Bios

Hafsah Aneela Bashir: Co-director

Hafsah Aneela Bashir is a poet and spoken word artist who holds an MA in Postcolonial Literary and Culture from the University of Leeds. Along with her personal experiences, her work with NGO’s, providing emergency supplies and medical aid to conflict zones, informs her creativity producing a form of lyrical activism. Her poetry has been published by Crocus Books in the anthology, ‘When Saira Met Sara’ bringing together Muslim and Jewish writers. She writes to raise awareness about social injustice and has a keen interest in writing as a form of resistance and liberty. She has worked with Women Asylum Seekers Together to use creative agency as a means to highlight demands for basic human rights. Also part of a writing collective called Manchester Muslim Writers, she conducts poetry workshops within the community working with young people to develop understanding of identity and empowerment.

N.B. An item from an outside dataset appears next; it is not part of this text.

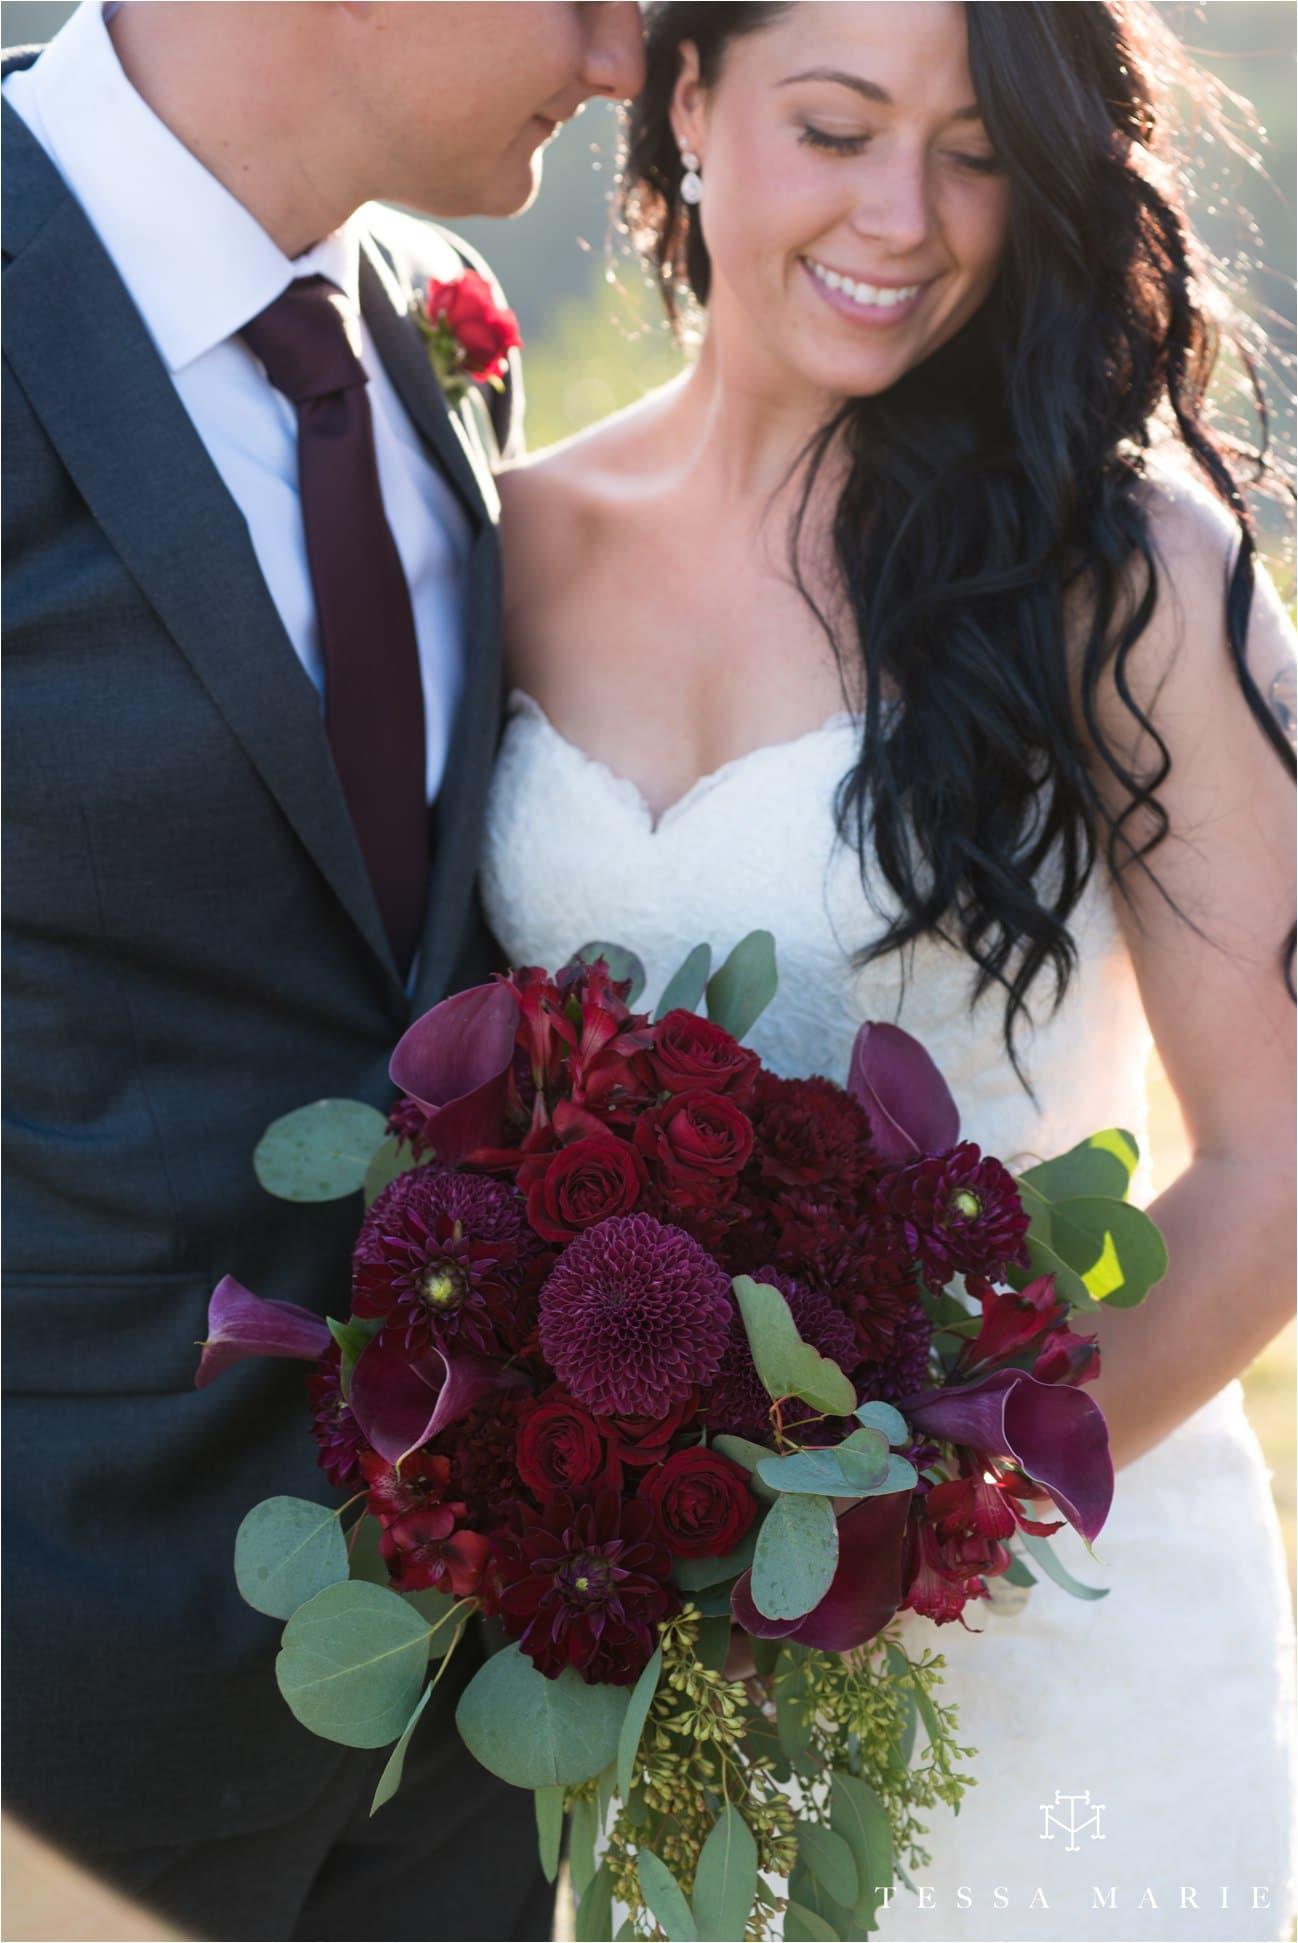 tessa_marie_weddings_rivermill_event_centere_candid_outdoor_wedding_photos_0254

She has performed for Oxfam, RAPAR, Freedom From Torture and interfaith events and can often be found at open-mics in and around Manchester in her spare time.  She was a recipient of Manchester International Festival Jerwood Fellowship 2017. She wrote and performed in the Memories of Partition project performed at The Royal Exchange and in the community.  Hafsah is currently on a Regional Theatre Young Directors Scheme, an Artistic Directors Leadership programme for Black Asian Minority Ethnic (BAME) theatre makers.

Nikki Mailer: Co-director

Nikki Mailer has been an applied theatre practitioner and theatre maker for over 8 years. She uses theatre as a tool for positive social change. She has delivered applied theatre projects in the UK with marginalised and vulnerable people and in deprived areas. She has a Master of Arts in Applied Theatre from Manchester University and has trained with different practitioners including Augusto Boal   who founded The Theatre of the Oppressed. Her approach and vision widened considerably through projects in the US, India and South America, starting with an apprenticeship with Bread and Puppet, a politically radical theatre company in Vermont with whom she performed in shows and parades. In India she participated in theatre and development projects and activist street theatre. She also spent time developing theatre projects in a Favela in Sao Paulo, Brazil and working alongside a prison theatre company in Santiago, Chile. She currently leads a learning disabled theatre company At The Edge Theatre in Manchester.